The Parsey McParseface API from Google builds a sentence graph for each of the sentences. These graphs contain the words as nodes, which also contain information about the word type, e.g. "verb". The edges describe the grammatical structure between those, e.g. how "nested" they are inside the sentence. Hence we can compute a score for the semantical importance of each single word. Furthermore very common words get smaller scores.
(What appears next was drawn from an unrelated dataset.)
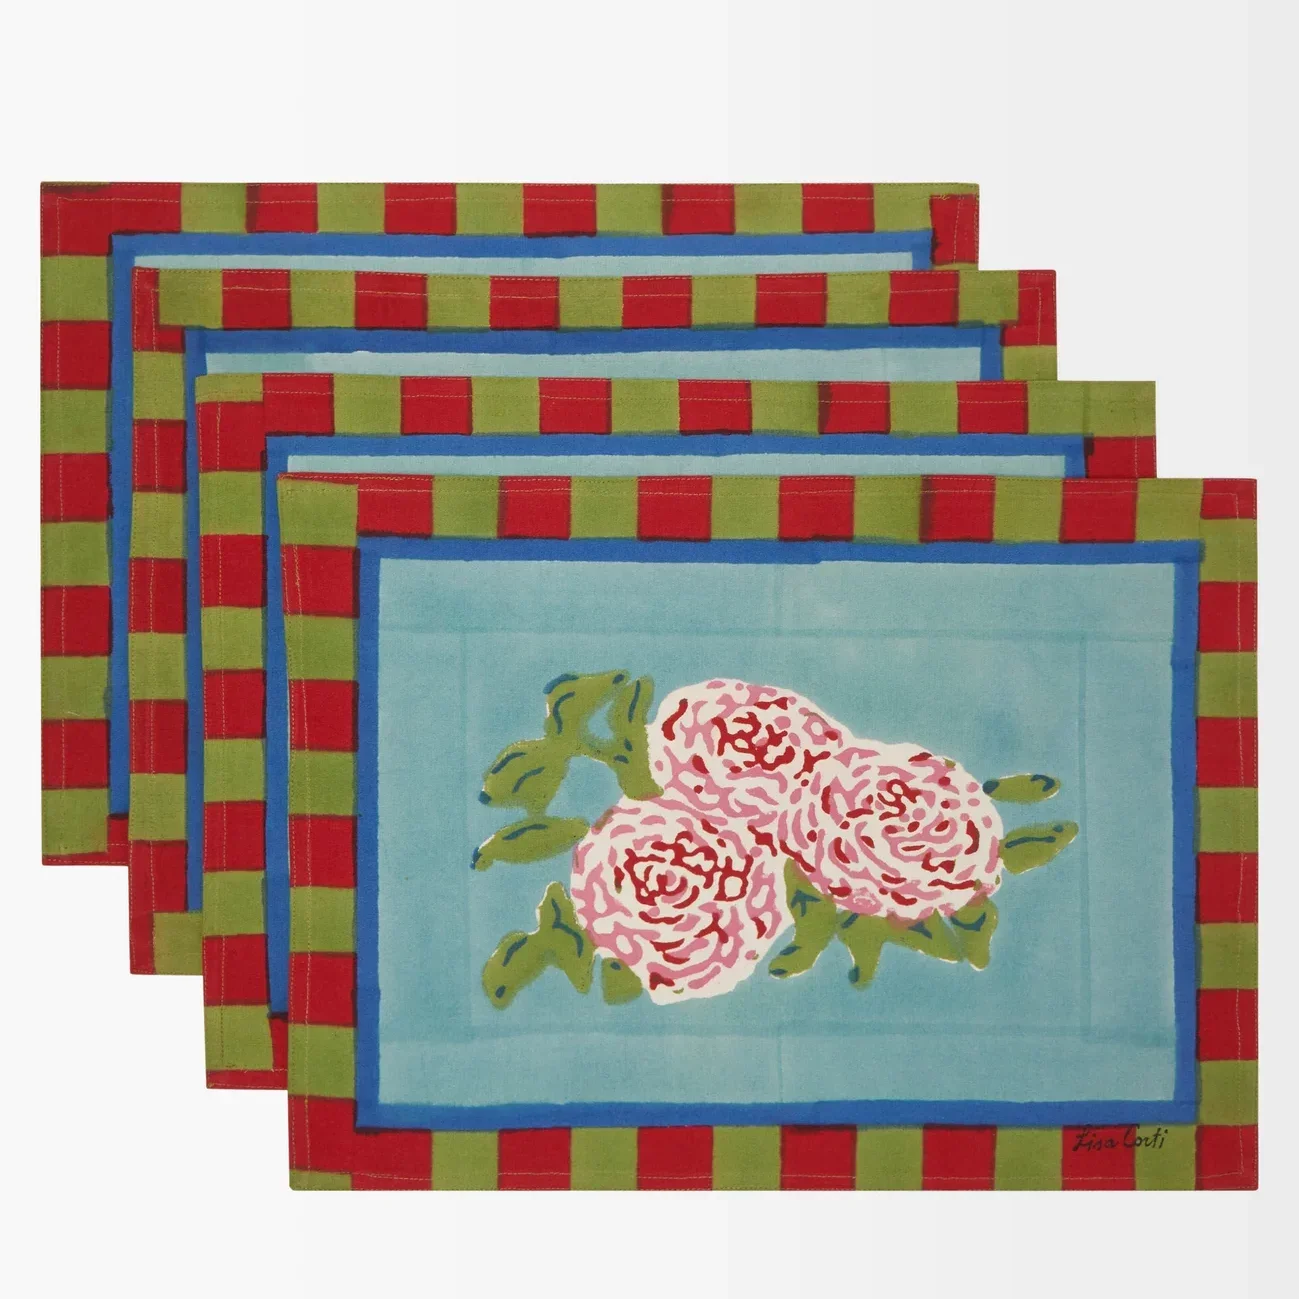 Four floral placemats with red and green striped borders diagonally arranged on a white surface.

The output is another HTML document in which the most imortant ones are highlighted.
We also used the SAP press articles as raw test data.
Challenges we ran into
At first we tried out to analyse and predict resumes for job applications by means of RNNs, the final identification of our project topic was around midnight.
Installation of Python 2.7 on external server after midnight
Lack of sleep -.-
Accomplishments that we're proud of
Installtion of Parsey McParseface without root permissions
What we learned
It's hard to get more than 500 CVs at one day because crawlers soon get blocked.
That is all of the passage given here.